The Good: A serious, complex plot that still manages to be undeniably Star Wars.

The Bad and Ugly: It's so short. (And apparently now that Disney owns Star Wars, KOTOR is myth, not canon.)


If the 20th century taught us anything, it's that humans literally possess the technology to destroy themselves. If Star Wars inaugurated a brief breath of optimism in the face of World-War-induced pessimism, then our culture's present obsession with all things undead is pessimism's pissed-off retort. Zombies as we understand them today were cast in stone by George Romero, so The Walking Dead didn't so much invent the genre as it did present it in a deeply-human way (The Walking Dead is categorically a drama, whereas Romero's Dead films are gruesome dark comedies and satires), touching on our most primal fears and instincts: lack of food and shelter, fear of the unknown, the unleashing of death from the cage modern science and medicine have put it in, and a thousandfold reemergence of tribalism. Telltale's Walking Dead game succeeds at the august task, much like Knights of the Old Republic, of achieving a level of storytelling that is on par or perhaps even exceedingly better than that of the original. Brilliance takes many forms, friends, and this apocalyptic tale strikes all the right chords. The sheer stress of playing this game forced me to put it down for a few months to center myself. In a world without laws, is it morally justifiable to execute or assassinate someone who has proven themselves a threat to you and yours? What lengths will you go to to protect a little girl you barely know? It's a beautifully-written, beautifully animated, beautifully acted, and beautifully tragic story.

Plot Summary: Lee Everett is on his way to prison after being found guilty of murder, but when his police escort runs off the road after hitting a zombified pedestrian, Lee finds himself suddenly surrounded by the living dead. He soon befriends young Clementine, taking the girl under his wing as the two struggle to survive in a savage, amoral world.

The Good: Immersion. The decisions you have Lee make impact how other characters respond. The story feels like the real world. Literary tropes demand that love interests be explored and that characters have arcs.

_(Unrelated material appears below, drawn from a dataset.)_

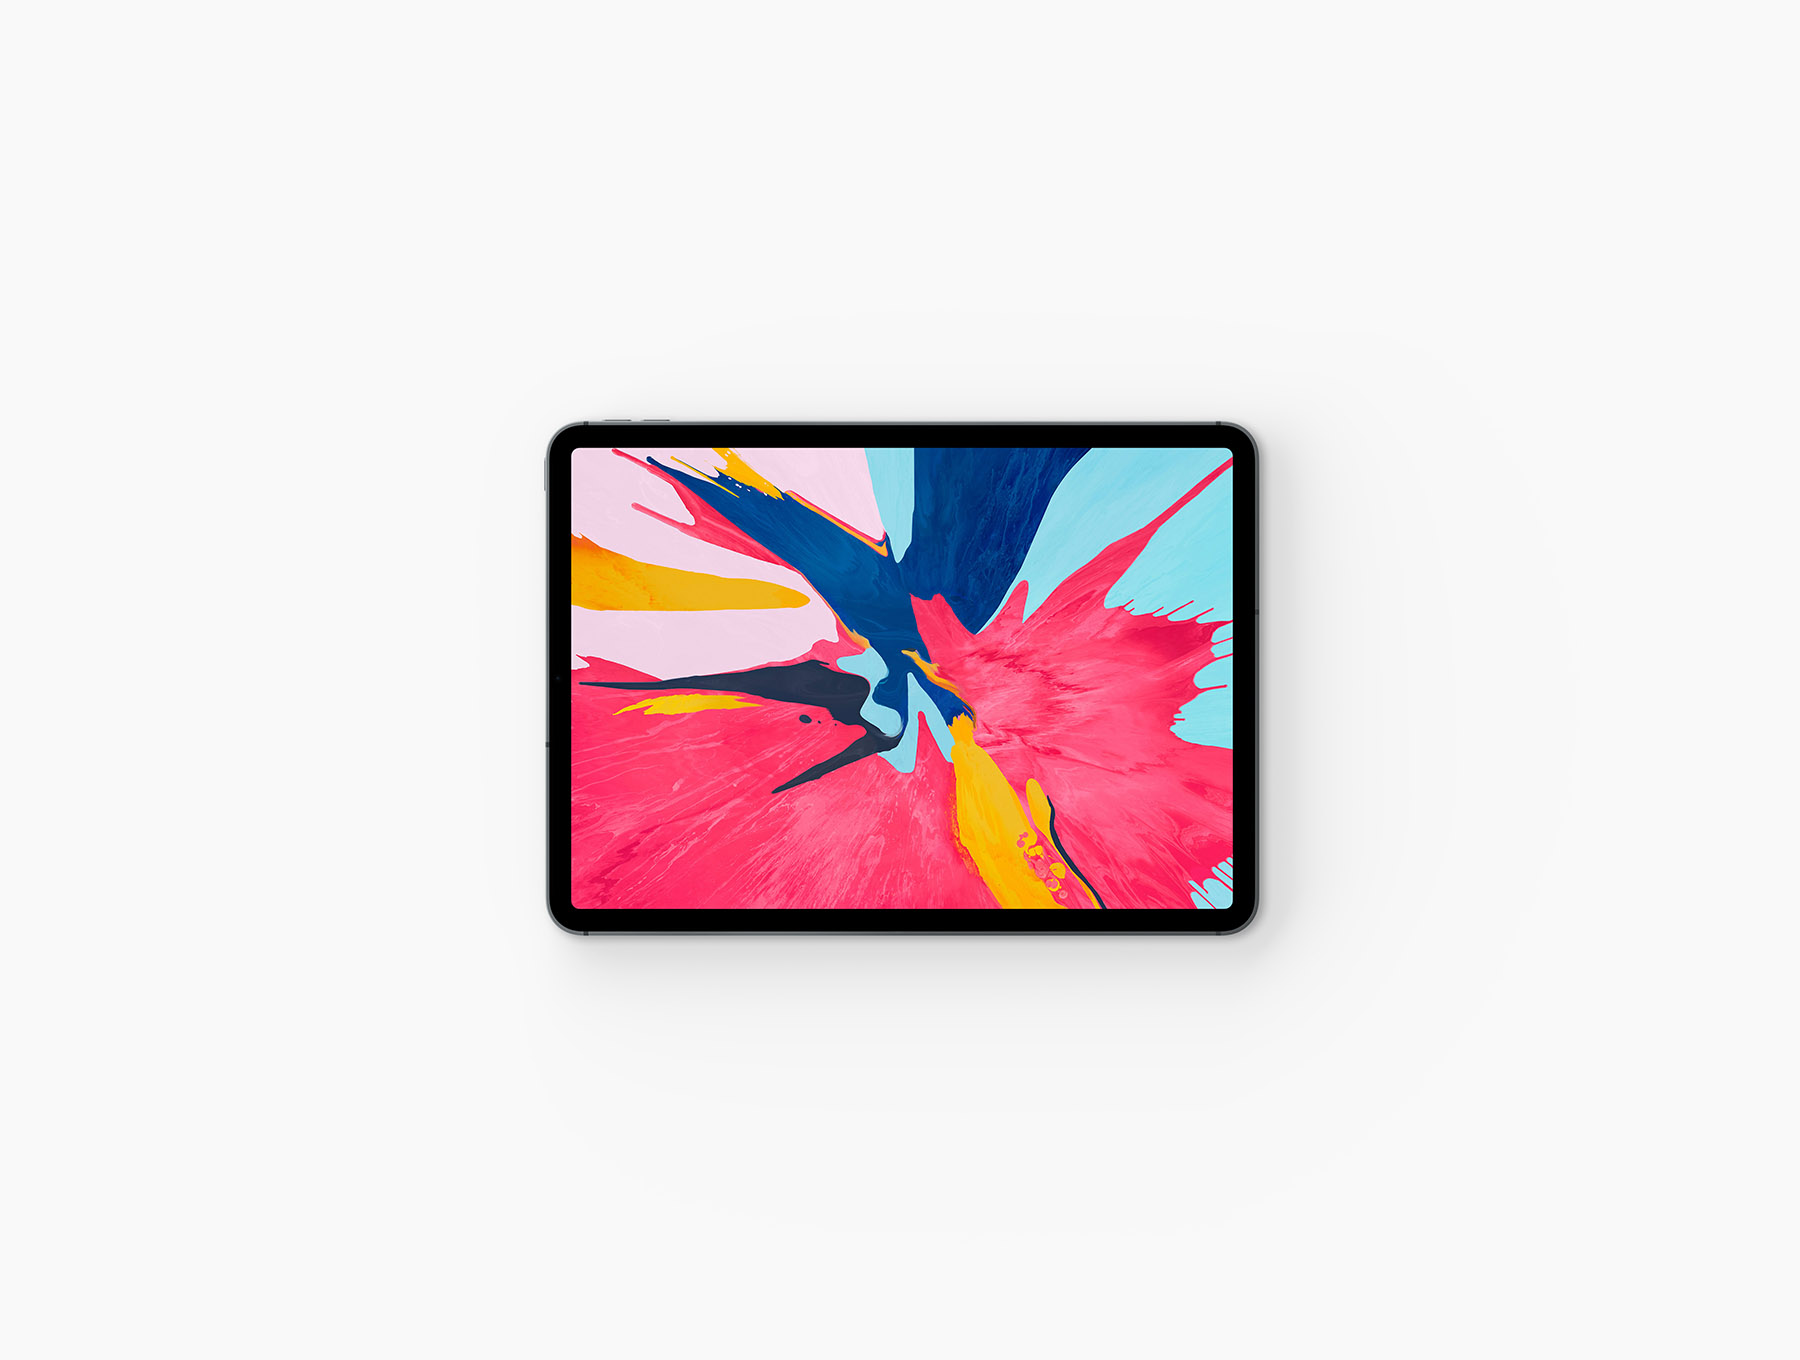 iPad Pro 2018展示样机下载 [PSD]插图(2)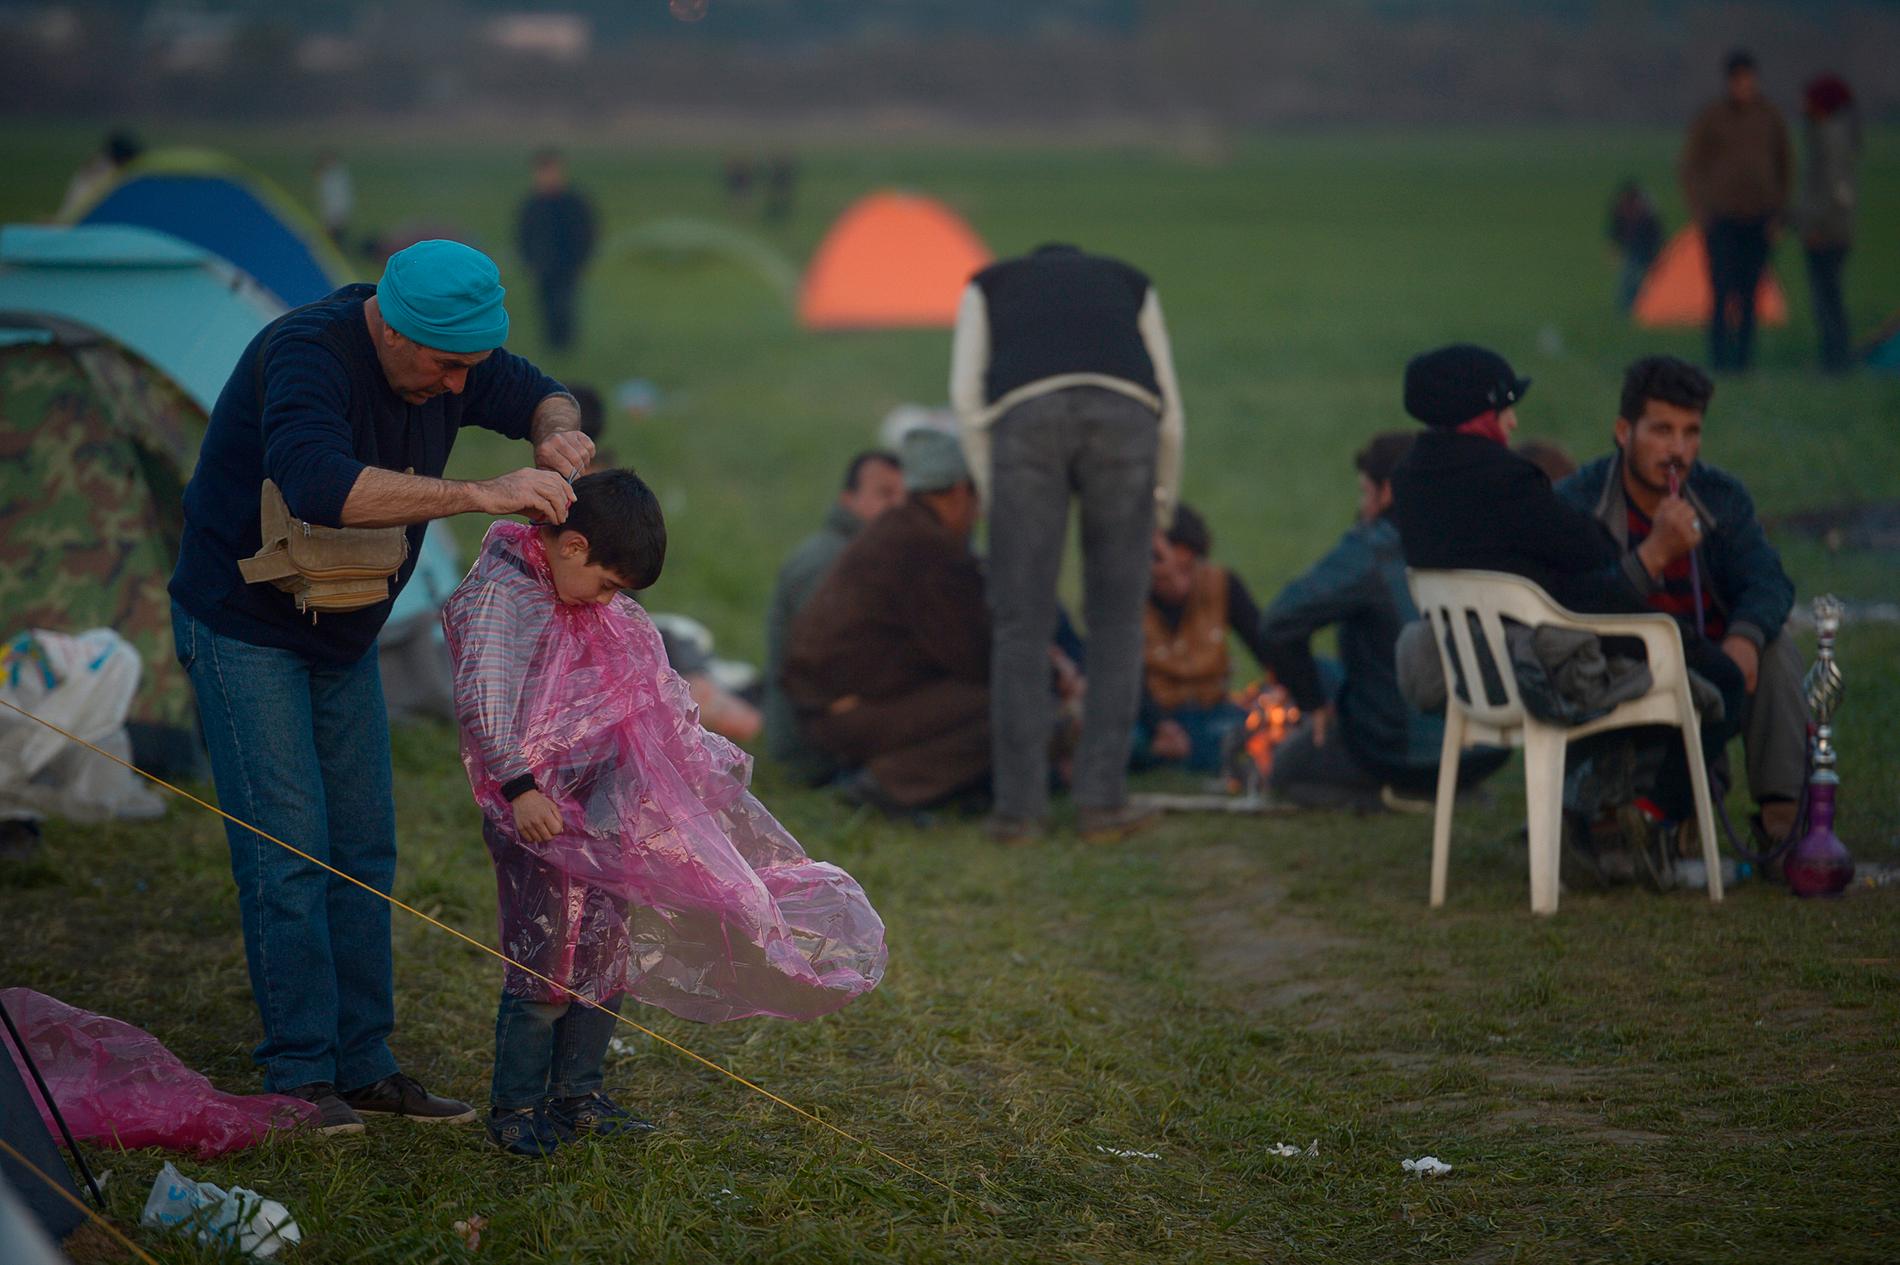 Det är dags att gå och lägga sig i flyktinglägret vid gränsen mellan Grekland och Makedonien. Efter att solen försvunnit bakom bergen tar det bara en halv timme till det att det är helt mörkt i lägret. Man släpar sina nyinköpta tält och sätter upp dem på någon av åkrarna vid gränsen. Man eldar kvistar, grenar och skräp för att hålla värmen.

In the Walking Dead, many desires go unfulfilled, and lives are often cut tragically short, leaving the player breathless and unsatisfied with how things turned out. This, though, serves to drive home the cruelty of an apocalyptic world and draws the player further into this complex drama.

The Bad and Ugly: F-bombs left and right, to the point that the writer's voice comes through. Different characters should have different ways of expressing anger and frustration.

That's it for now. Thanks for reading!